## Your task
Taking the listing below, restate word for word each line from the line with "Astonishing Globe Light" to the line with "Health - ISAC, sharing since 2010", ends included, and stop there.

## Dataset records
>>

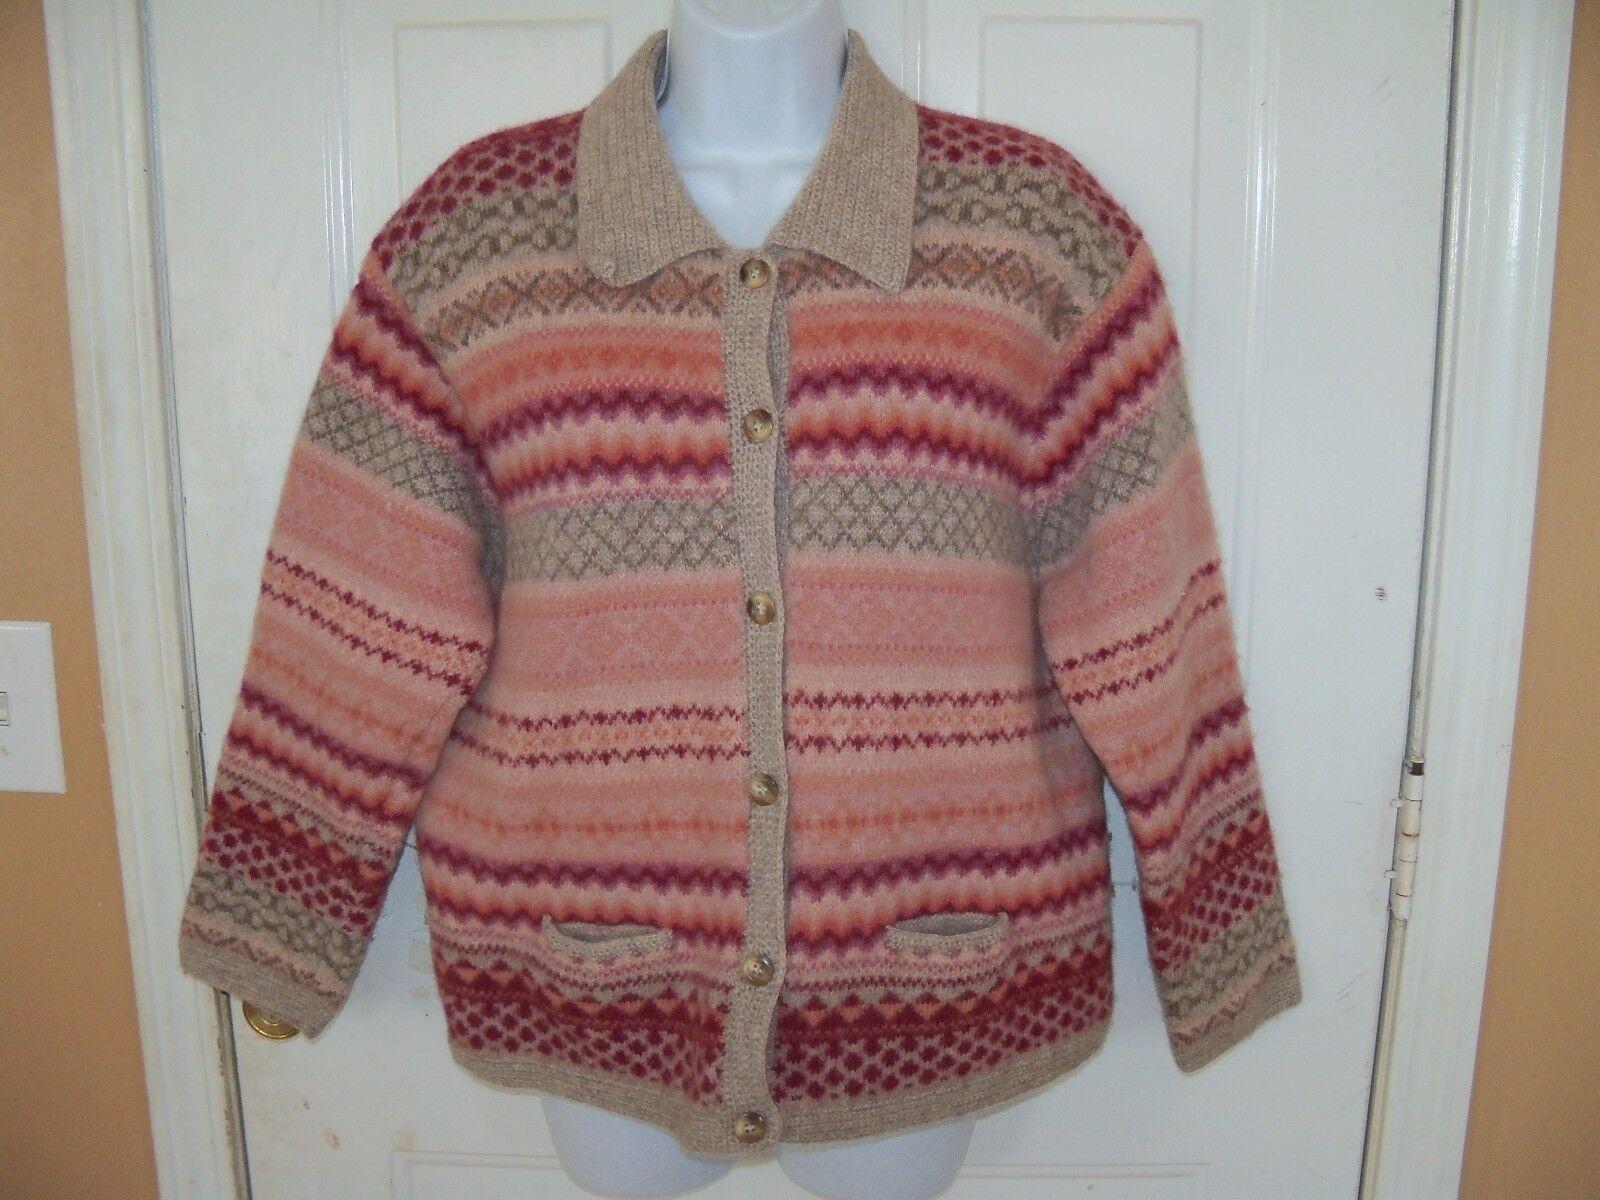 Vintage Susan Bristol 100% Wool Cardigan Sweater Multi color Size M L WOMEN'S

<<
>>

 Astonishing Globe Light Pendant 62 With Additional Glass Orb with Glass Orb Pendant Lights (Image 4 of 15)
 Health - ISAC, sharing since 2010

<<

## Task response
 Astonishing Globe Light Pendant 62 With Additional Glass Orb with Glass Orb Pendant Lights (Image 4 of 15)
 Health - ISAC, sharing since 2010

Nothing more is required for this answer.